*TASK PROMPT*. With pictures left out, please repeat word for word the lines from the one containing "Hiragana Writing Practice" through the end of the records.

◇ ◇ ◇ ◇ ◇ ◇ ◇

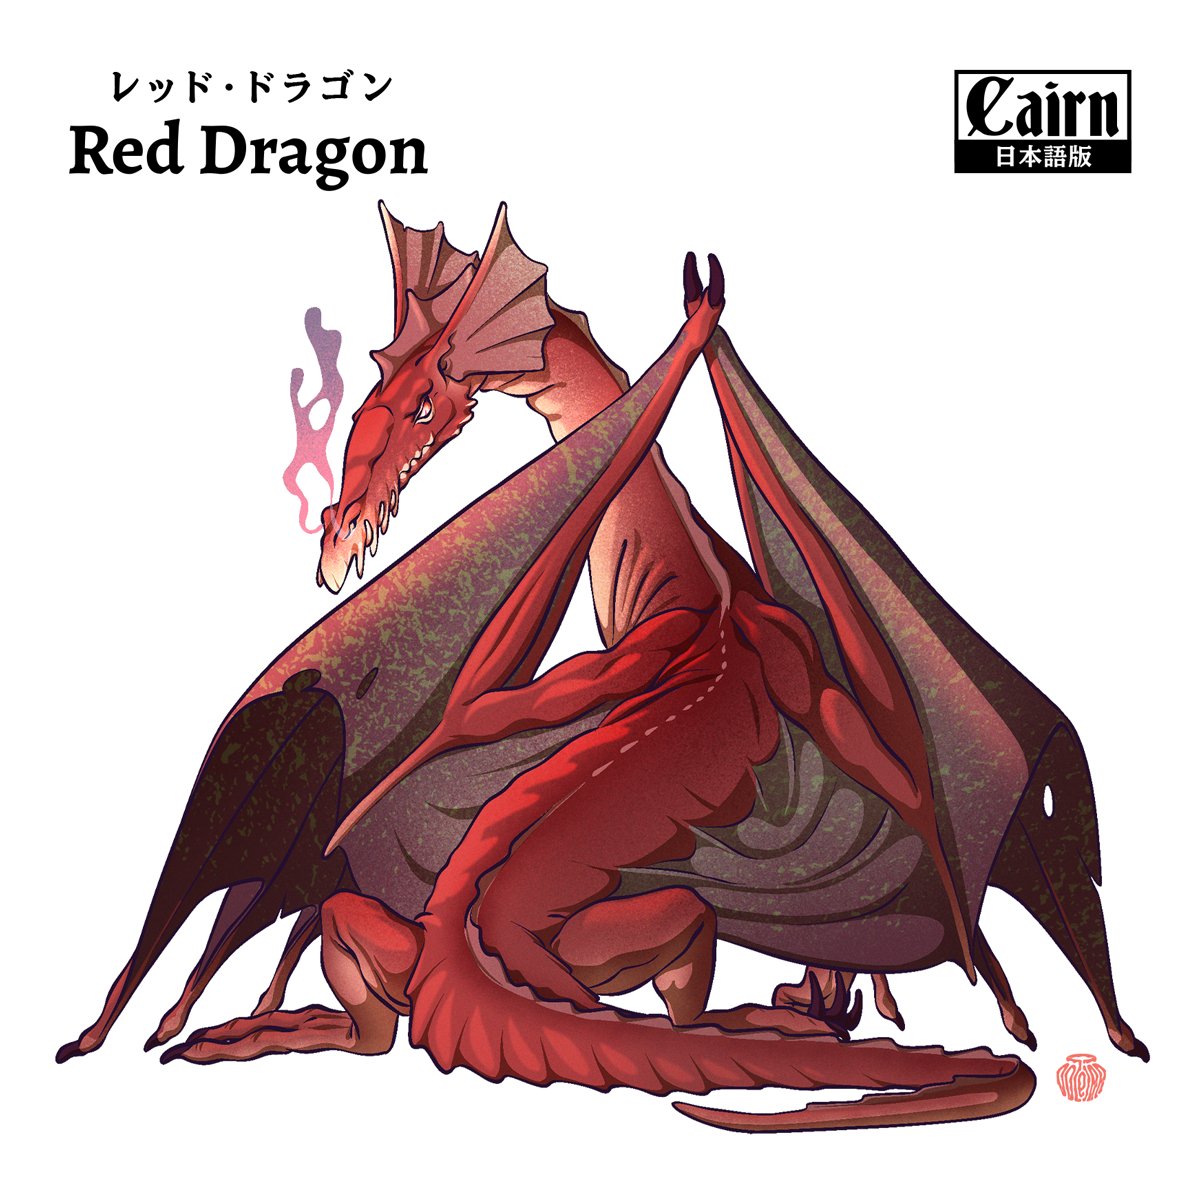 🔥🐉［99/146］
#reddragon #レッドドラゴン #dragon #ドラゴン #smaug #スマウグ #bestiary #cairnrpg #rpg #trpg #ttrpg #creaturedesign #monsterdesign #characterdesign #fantasy #ファンタジー #illustration #イラスト
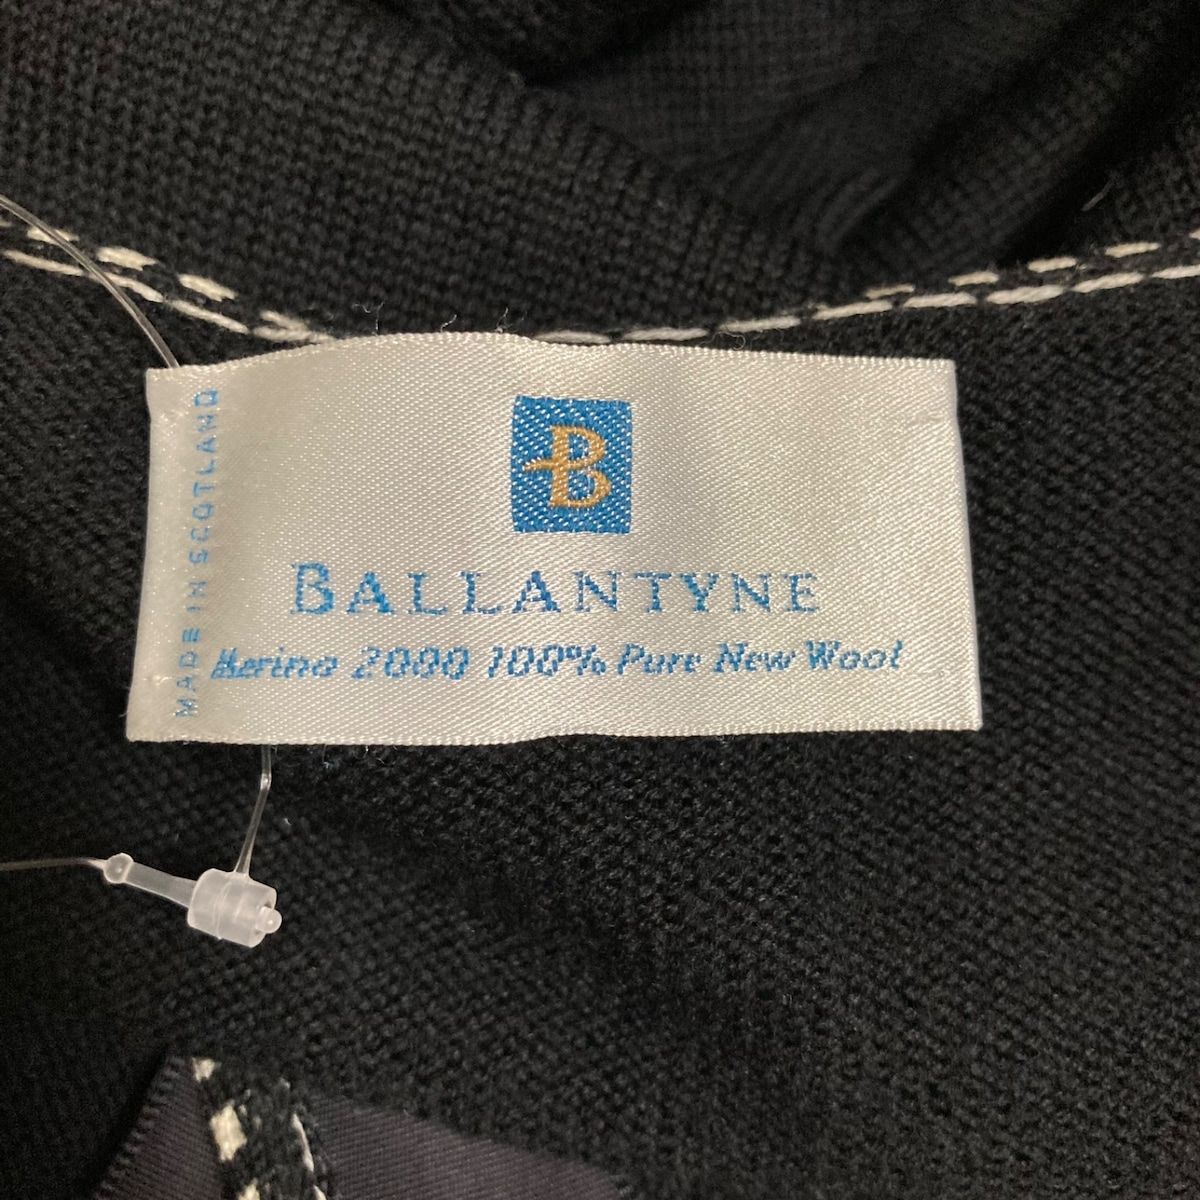 Ballantyne(バランタイン) カーディガン サイズ5 XS レディース - 黒 
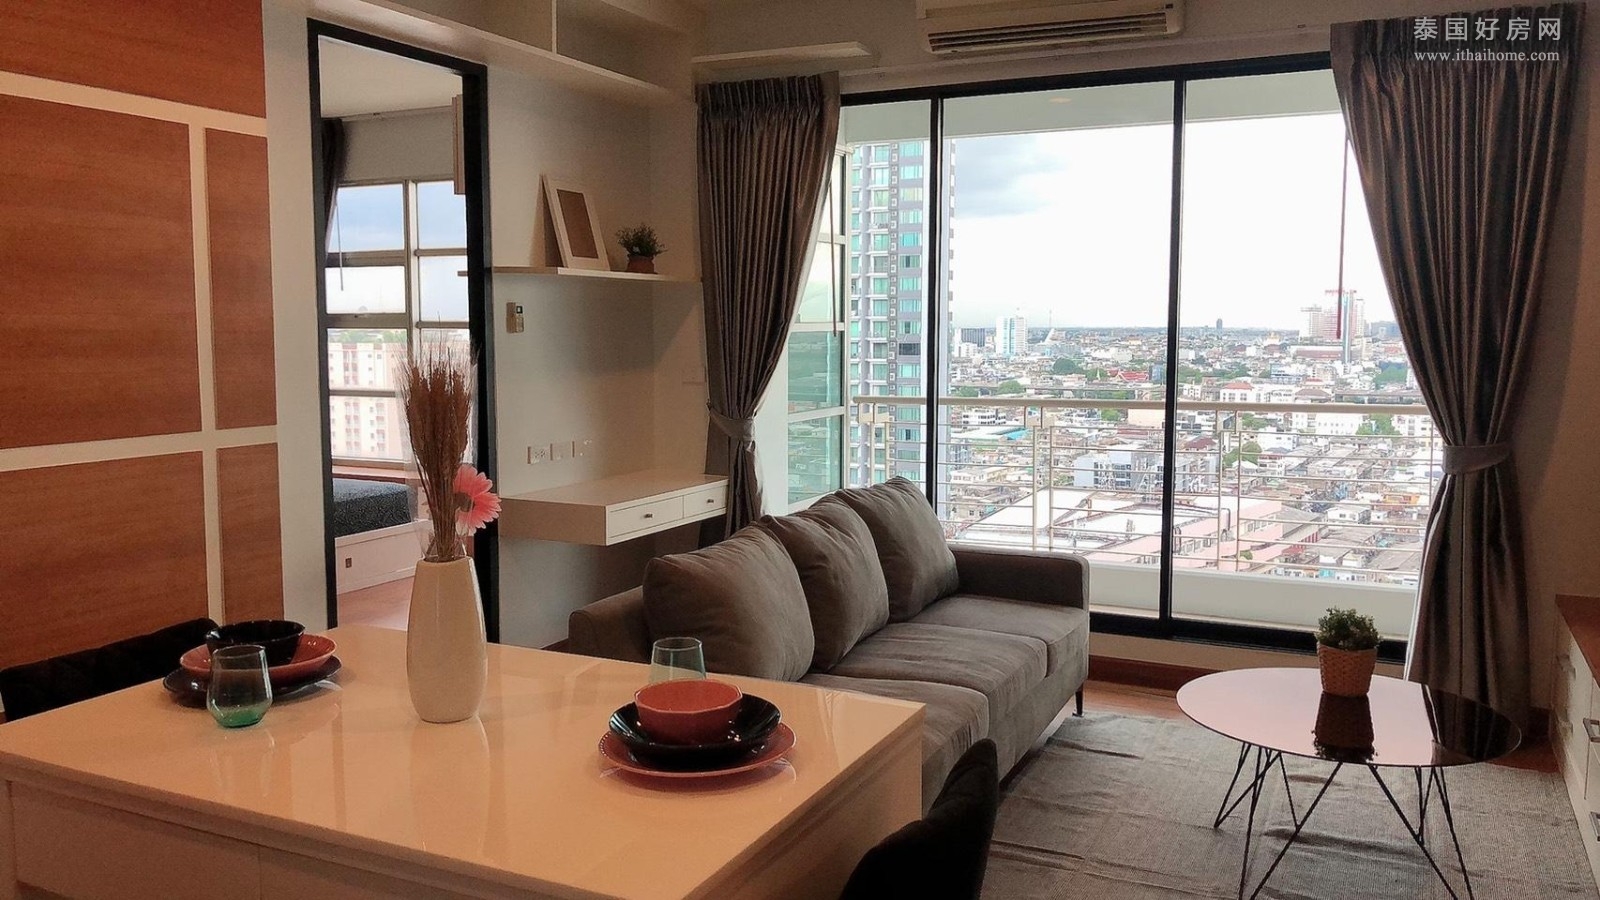 Baan Klang Krung Siam - Pathumwan 公寓与租户出售 1卧55平米 800万泰铢
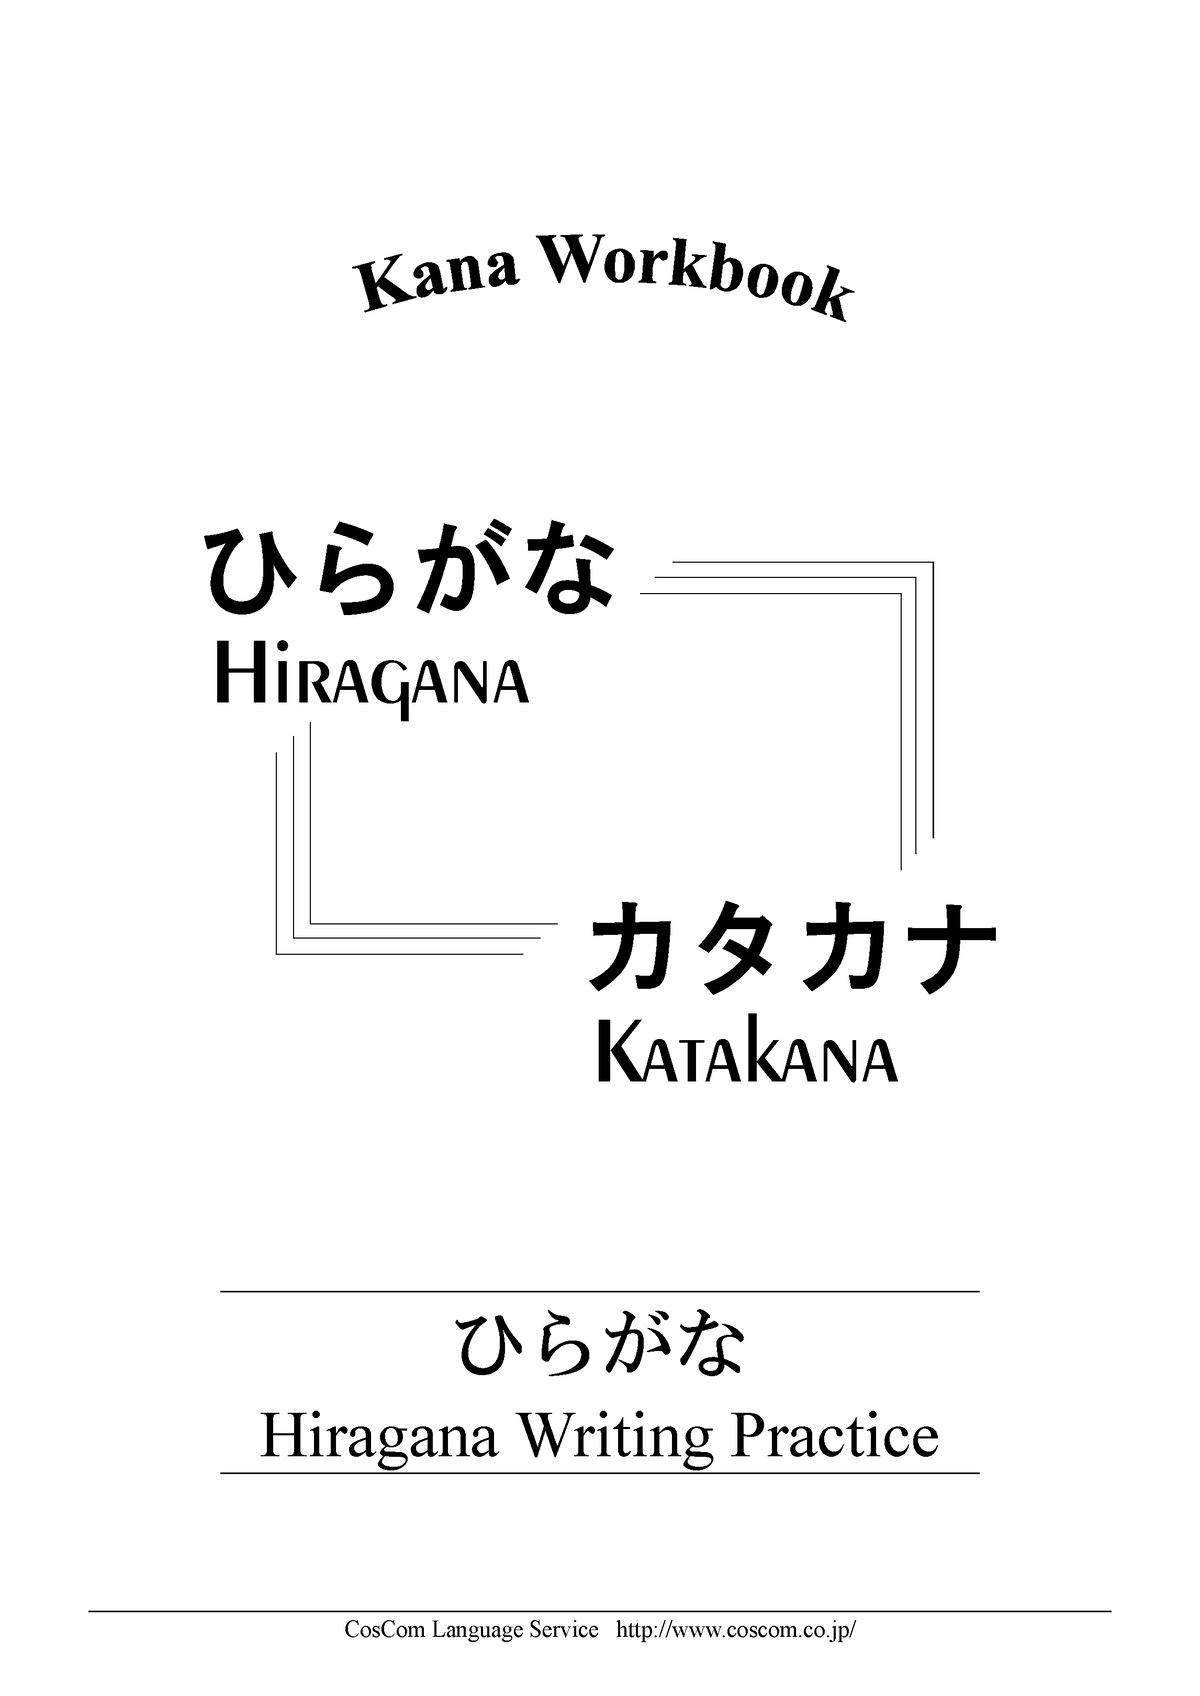 Hiragana Writing Practice - CosCom Language Service coscom.co/ ひらがな ...
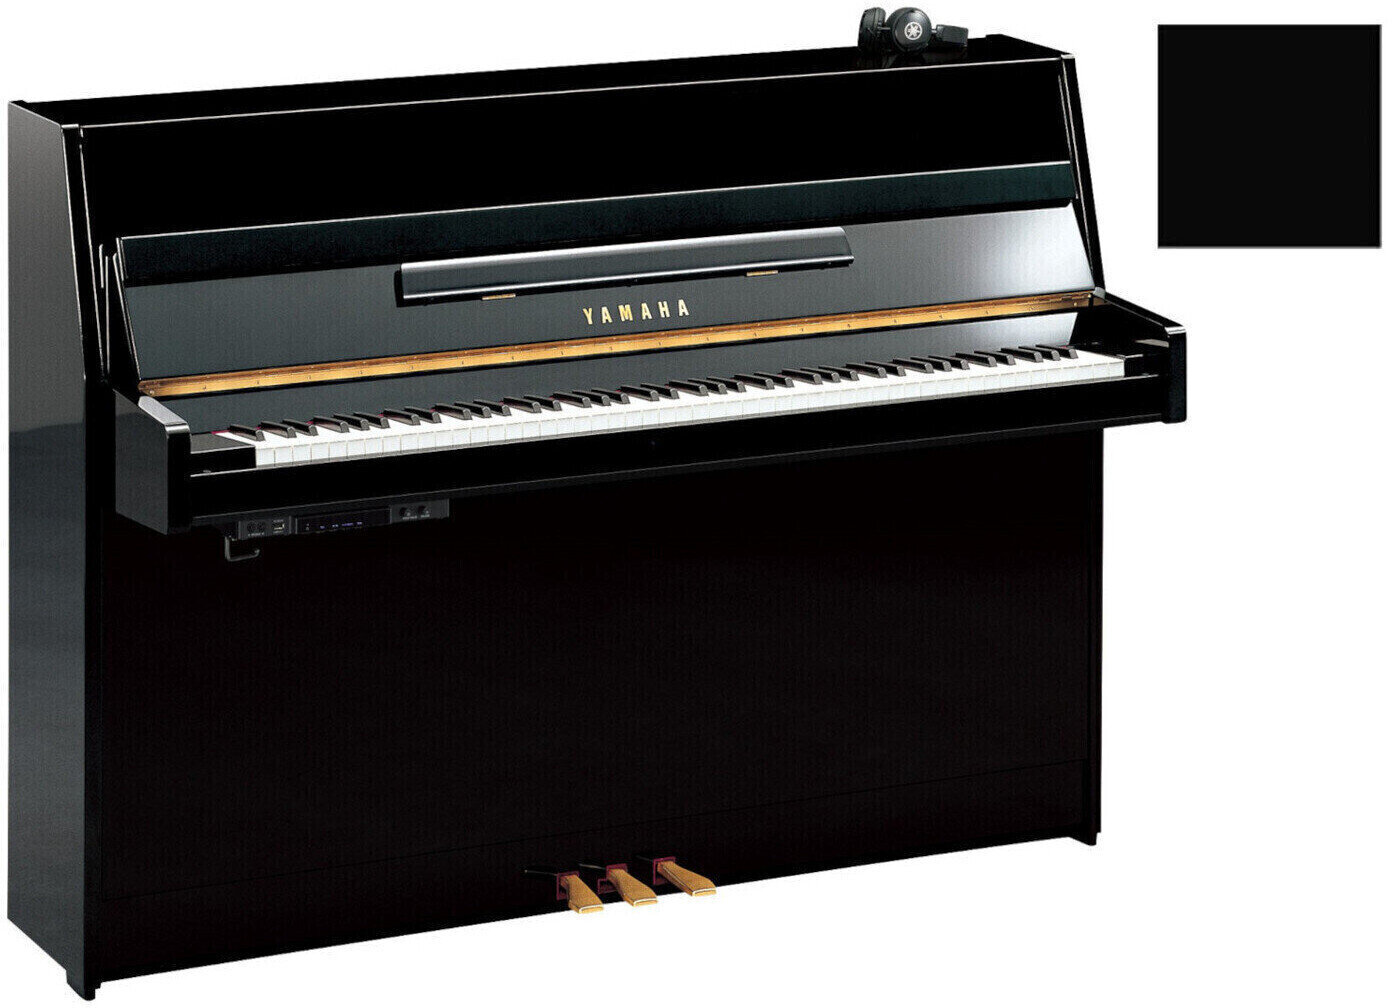 Pian Yamaha B1 SC2 Silent Piano Polished Ebony with Chrome

◇ ◇ ◇ ◇ ◇ ◇ ◇

*THE ANSWER*.
 Hiragana Writing Practice - CosCom Language Service coscom.co/ ひらがな ...
 Pian Yamaha B1 SC2 Silent Piano Polished Ebony with Chrome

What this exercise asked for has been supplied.